Wrong Finding On Jurisdictional Question?

  1. The first ground of appeal and the second ground of appeal are directed to the judge's finding on the jurisdictional question. Again, even if one overlooks inadequacies of expression of the grounds of appeal, and even if a challenge to the judge's finding on the jurisdictional question were to be made good, one would once again be in a situation of the appellate court exercising its own discretion in relation to the facts of the case.

  1. For all these reasons, I am of the view that the appellant has not established that the appeal is one that falls within s 101(2)(r). In those circumstances the appropriate order is to order that the Notice of Appeal be struck out.

Costs of Appeal

  1. The decision to which I have come raises questions about both the appropriate order for costs of the appeal and of the notice of motion that has been argued today. UCPR 51.41 provides:

"(1) A respondent who objects to the competency of an appeal must, by notice of motion filed and served on all other parties to the appeal within 28 days after service on the respondent of the notice of appeal, apply to the Court for an order dismissing the appeal as incompetent.'

(2) If the respondent fails to comply with subrule (1) and the appeal is nevertheless dismissed as incompetent:

(a) the respondent is not entitled to costs of the appeal unless the Court otherwise orders, and

(b) the Court may order the respondent to pay the appellant any costs of the appeal proving useless or unnecessary."

  1. In the present case rule 51.41(1) was not complied with. The Notice of Appeal was filed on 4 November 2010 and it was only on 14 April 2011 that the formal notice of motion seeking to strike out the Notice of Appeal was filed. It is true that the objection to competency was foreshadowed at the directions hearing on 2 February 2011, but even that was well outside the twenty eight day period.
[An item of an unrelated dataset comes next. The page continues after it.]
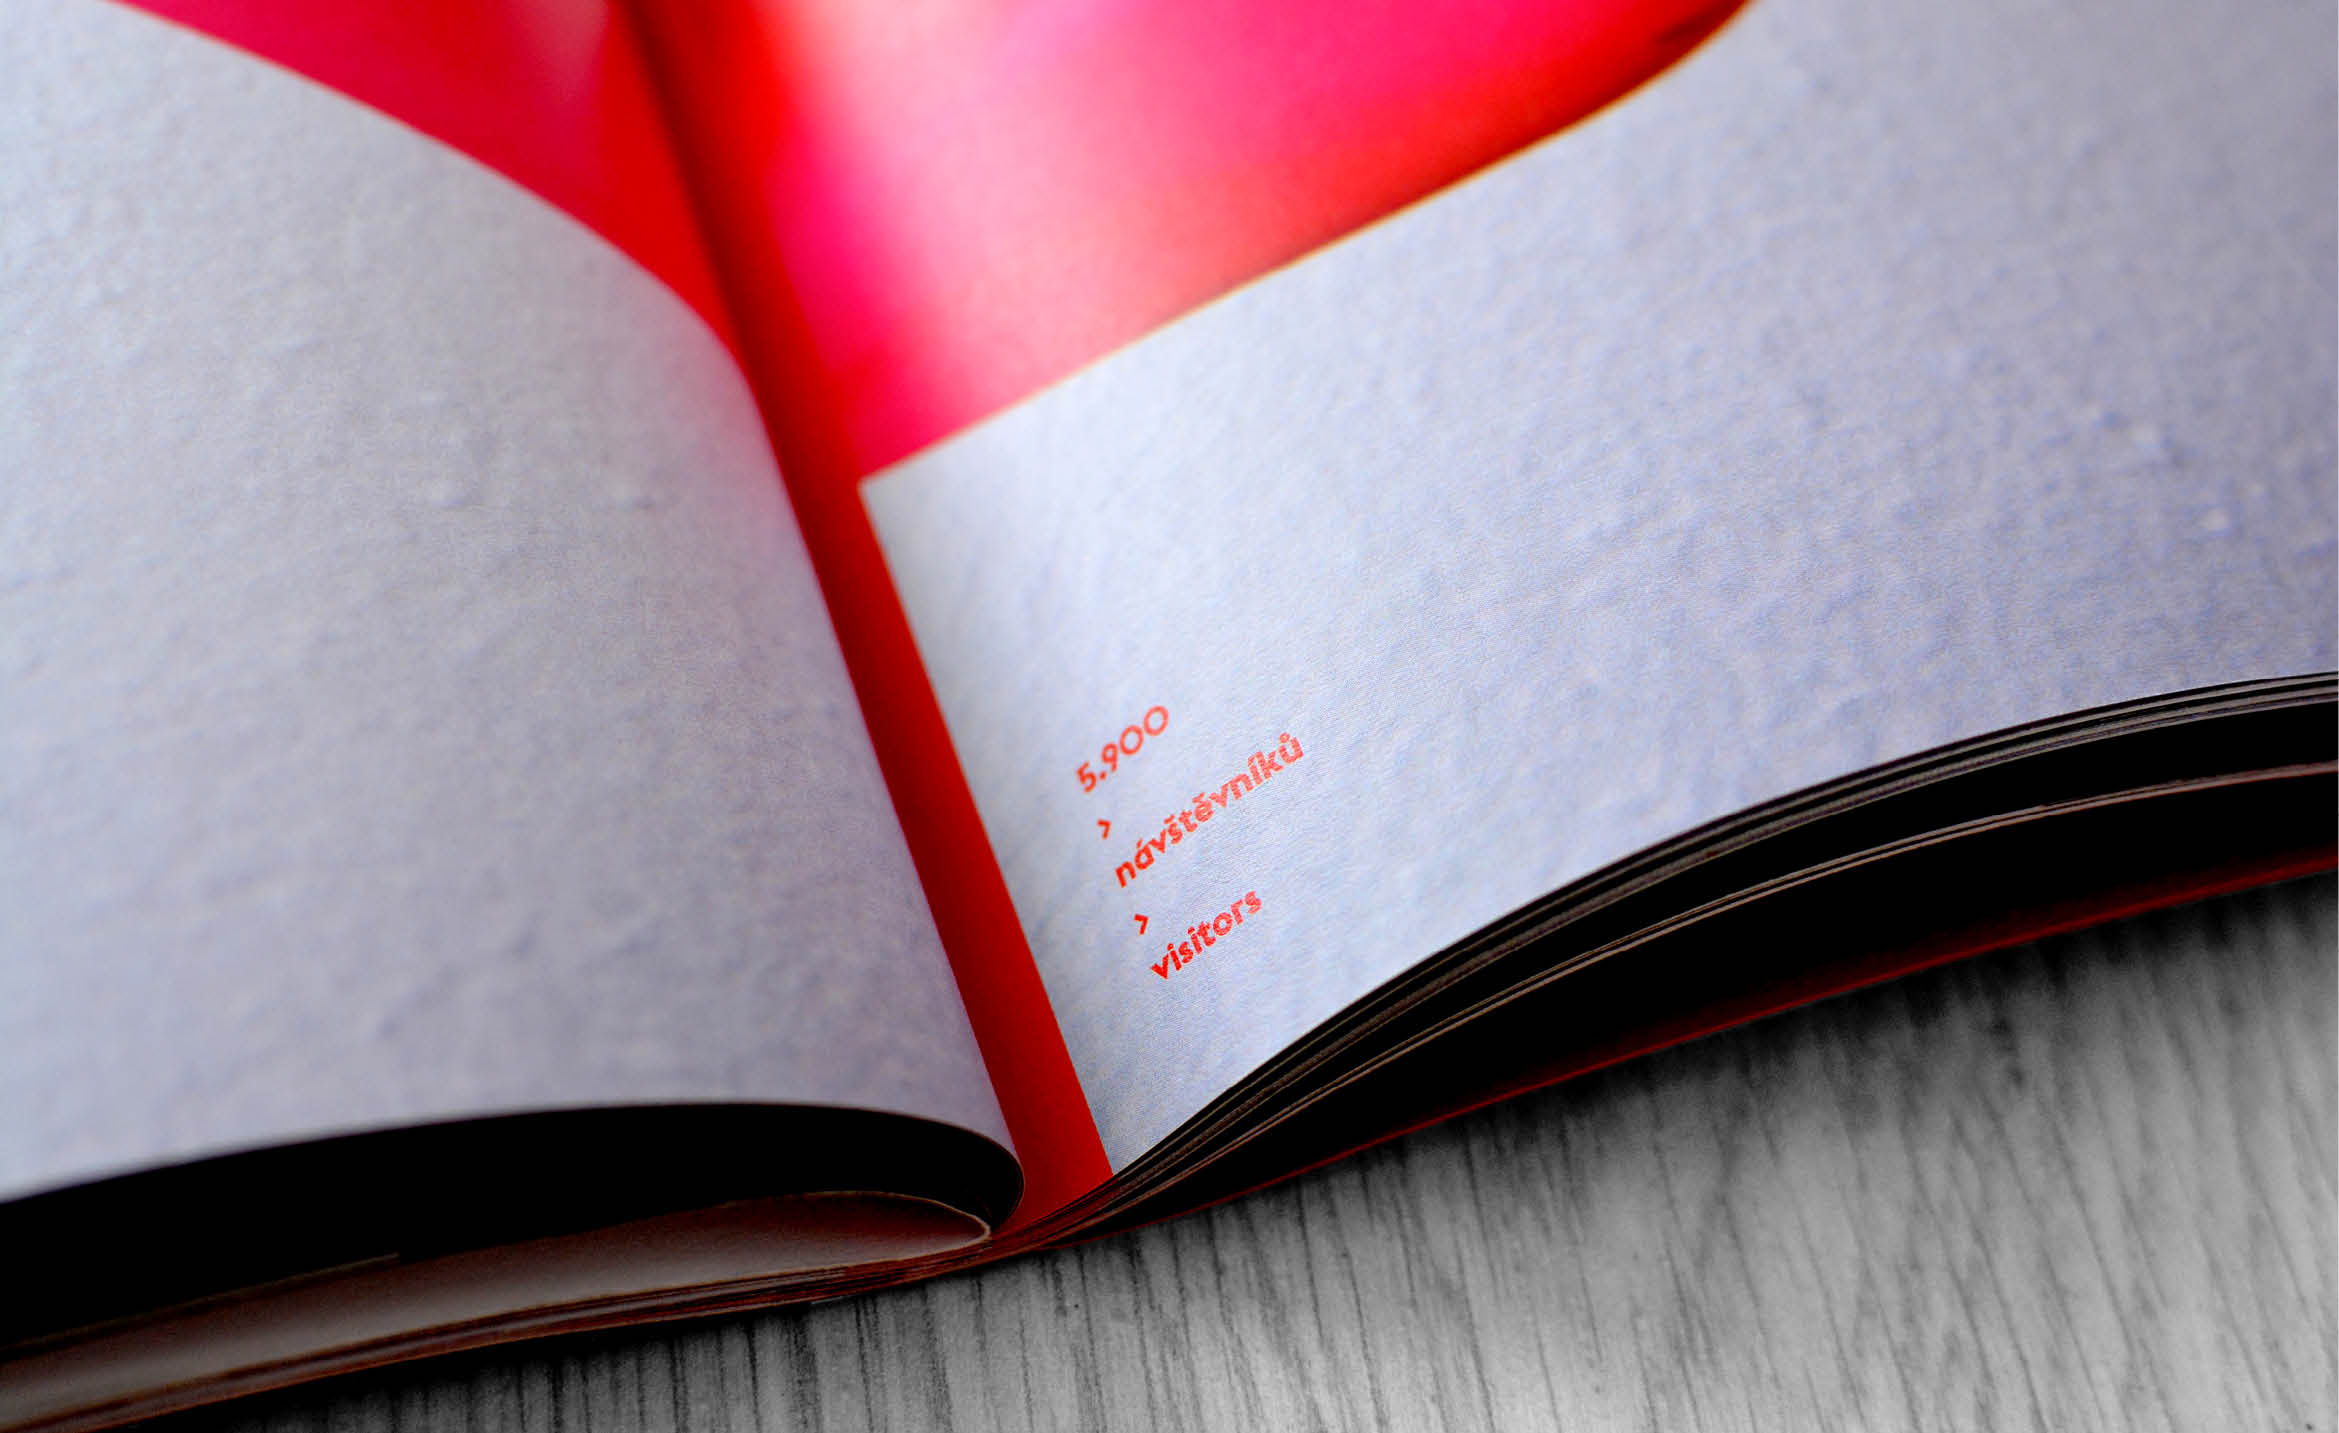 kristyna_greplova_diploma_project_4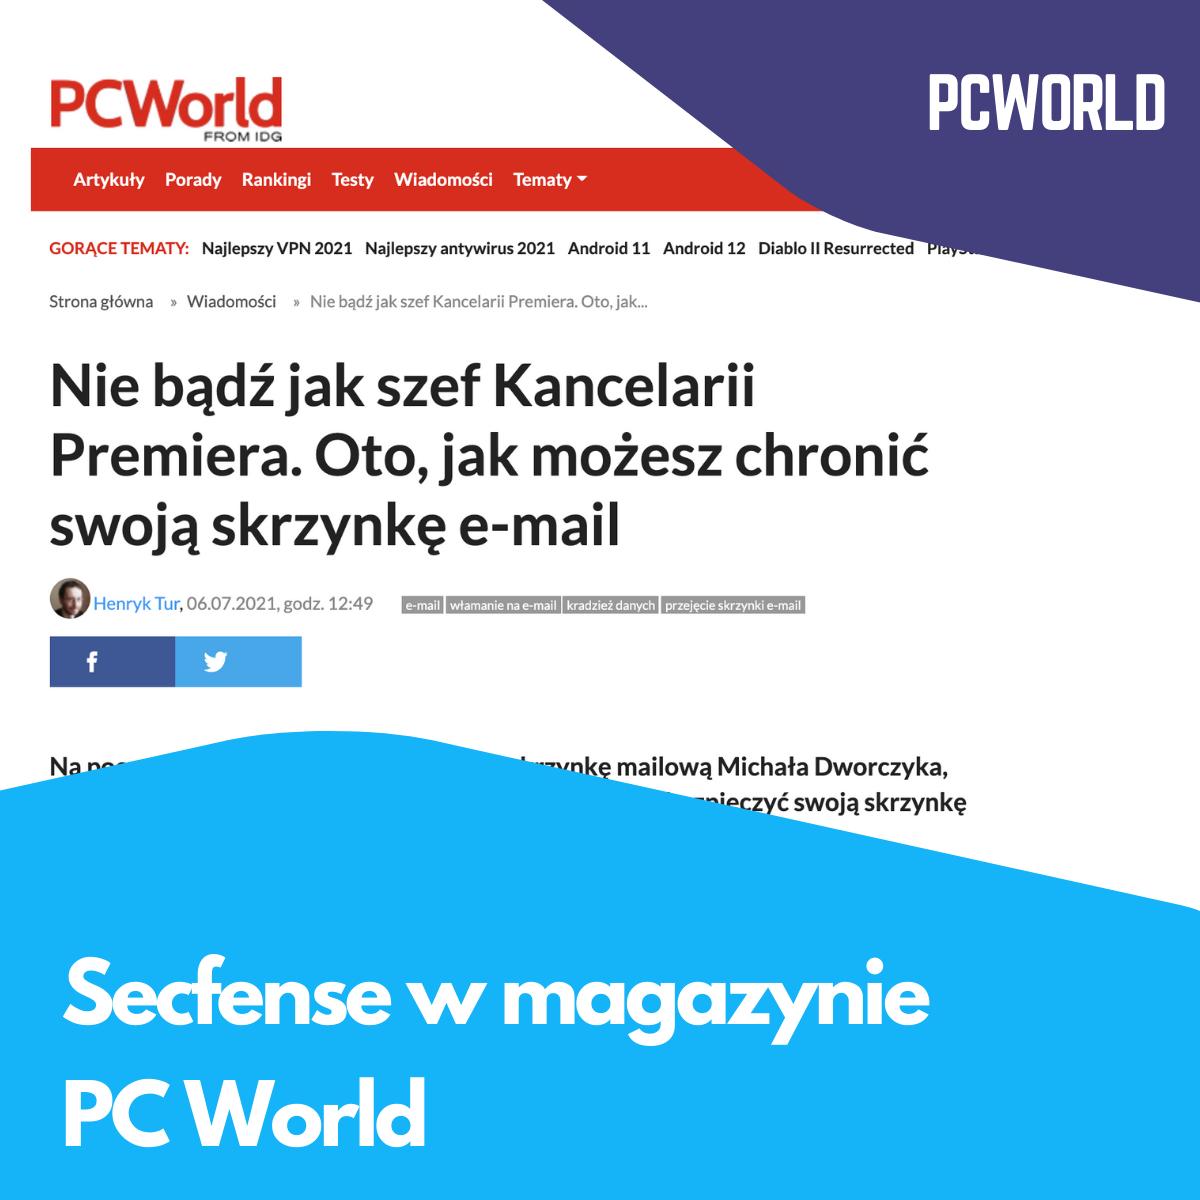 Secfense w magazynie PC World

  1. In support of a submission that the Appellant should bear the costs of the appeal Mr Hanrahan, for the Respondent, points out that there was no affidavit of competence filed with the Notice of Appeal, as the relevant Rule requires, and the first statement of grounds for competence was the affidavit of Mr Olszanicki of 4 April 2011 which contains a ground that is unsustainable.

  1. There is, however, no evidence of any correspondence between the solicitors pointing out the lack of an affidavit as to competence. In these circumstances, I am not persuaded that it is appropriate to displace the prima facie rule provided by UCPR 51.41. Thus I propose to make no provision for the costs of the appeal.

Costs of Notice of Motion

  1. The costs of the notice of motion seeking the order that I have granted are, it seems to me, in a different situation. UCPR 51.41(2)(a) deals with the general costs of the appeal, not with the costs of a notice of motion seeking to have an appeal struck out as incompetent. Concerning such a notice of motion, the prima facie position that costs should follow the event continues to apply. I have not been persuaded that there is any reason why that prima facie position should not apply concerning the costs of the notice of motion.

  1. I order the Appellant to pay the costs of the notice of motion filed by the Respondent on 14 April 2011.